Ty Segall Rocks the Summit Music Hall, or How I Learned to Stop Worrying and Love Watching my 13-year-old Mosh
Photos by Michael McGrath, Story by Amy McGrath
Ty Segall and his band put on a great show last Saturday at the Summit- brash, cheerful, noisy rock and roll that shook me out of my usual Trump-era funk. I’ve seen Ty before- watching his rise from gangly young indie phenom to the road-tested but still cheeky rocker he is today. I knew that I wanted to be close, but not too close, so I found myself a safe, middle-aged rock mom hideout at the side of the stage. It’s a great place to watch shows at the Summit- you can see everything, you get to share the stage sound but are protected from the intense volume of the mains, and you are immune from the inevitable mosh pit.
As a life-long rock and roller with a penchant for edgy guitar rock- I’ve been avoiding the mosh pit for many decades. I don’t like being pushed around, period. Also, growing up around the Denver punk scene of the late 80’s- mosh pits were often dominated by scary and aggressive skinheads who seemed to be trying to hurt people, or dipshit boys who paid no attention to anyone but themselves. I loved the energy but I’ve never been so in love with a band that I wanted to risk being trampled or ending up with a broken nose.
So Saturday night as I hung in my stage-side safety zone, checking out Ty Segall’s jubilantly noisy set, I had the perfect view of both of my teenaged kids- the girl, a seasoned rock show veteran at 16, pressed up against the stage gate, throwing elbows and pushing back hard against anyone vying for her prime location.
And then, behind her, I caught a fleeting glance of the boy.
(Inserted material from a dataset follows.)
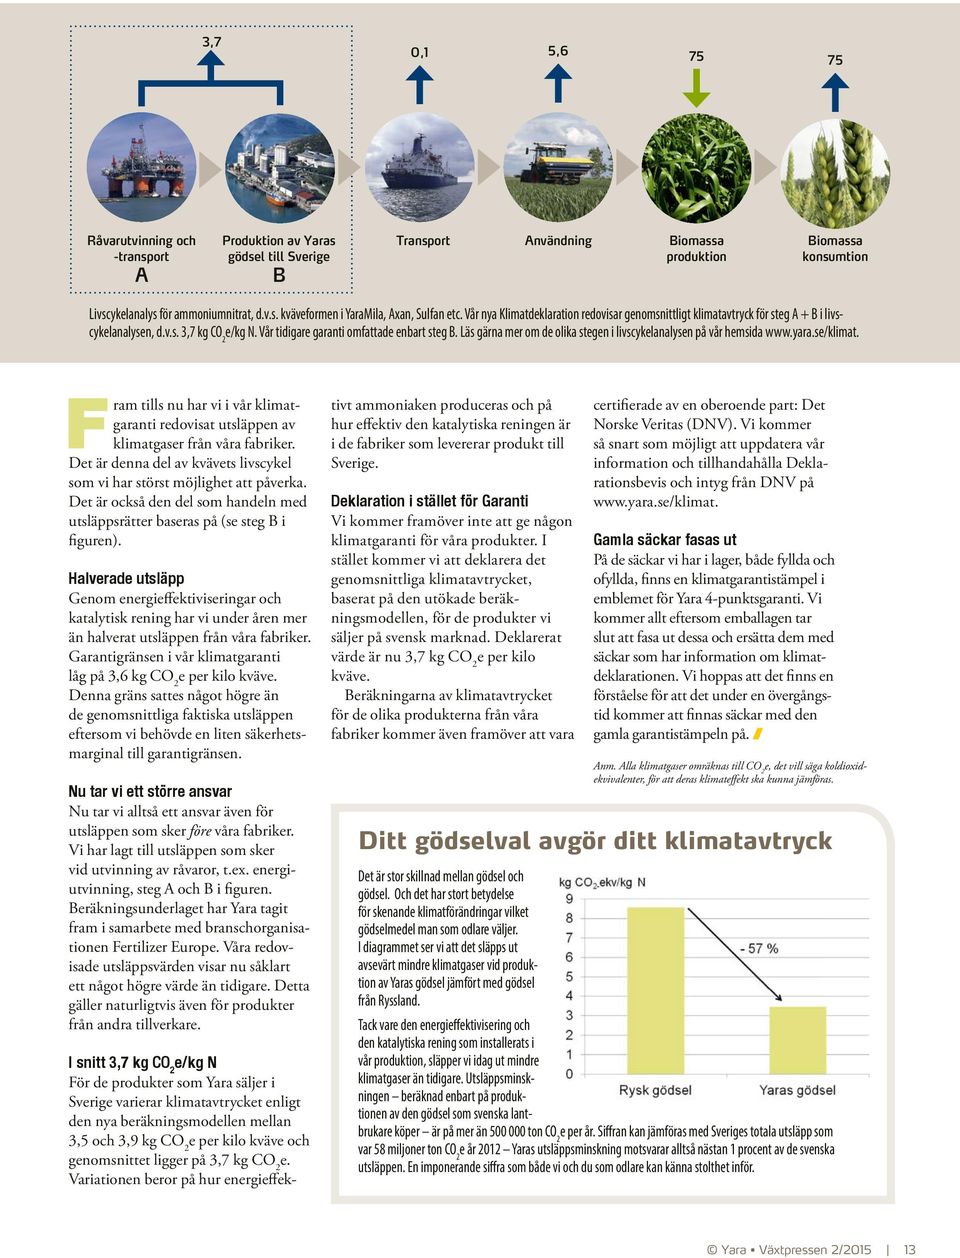 Läs gärna mer om de olika stegen i livscykelanalysen på vår hemsida www.yara.se/klimat. Fram tills nu har vi i vår klimatgaranti redovisat utsläppen av klimatgaser från våra fabriker.

My baby-faced, curly-haired boy, dressed in tie dye, all hopped up on Coca-Cola and puberty. He was being bounced around forcibly by a throng of drunk people much older and larger than he, and my first reaction was- I had get him out of there, fast. I also wanted to scold anyone involved in pushing my kid around. He would bob in an out of my line of sight- mostly I caught glimpses of his mop of curls, relieved that if I could see the top of his head, he was not being crushed underfoot by the seething mob. I lost focus on the music and became ensnared in the drama of watching my child at the mercy of the wildly undulating horde.
Ty’s classic “Finger” was a high-point of the set, and for just a minute, the mass of mosh parted in just a way that I caught a full view of my son: sweaty, flushed, ecstatic. He was grinning from ear to ear and bobbing around like a pinball. The music and the mosh pit combined to create a perfect moment: a testosterone and adrenaline-fueled obliteration of the wicked adolescent ego. A safe but not too safe outlet for pent up aggression. A powerful collective experience. Joy.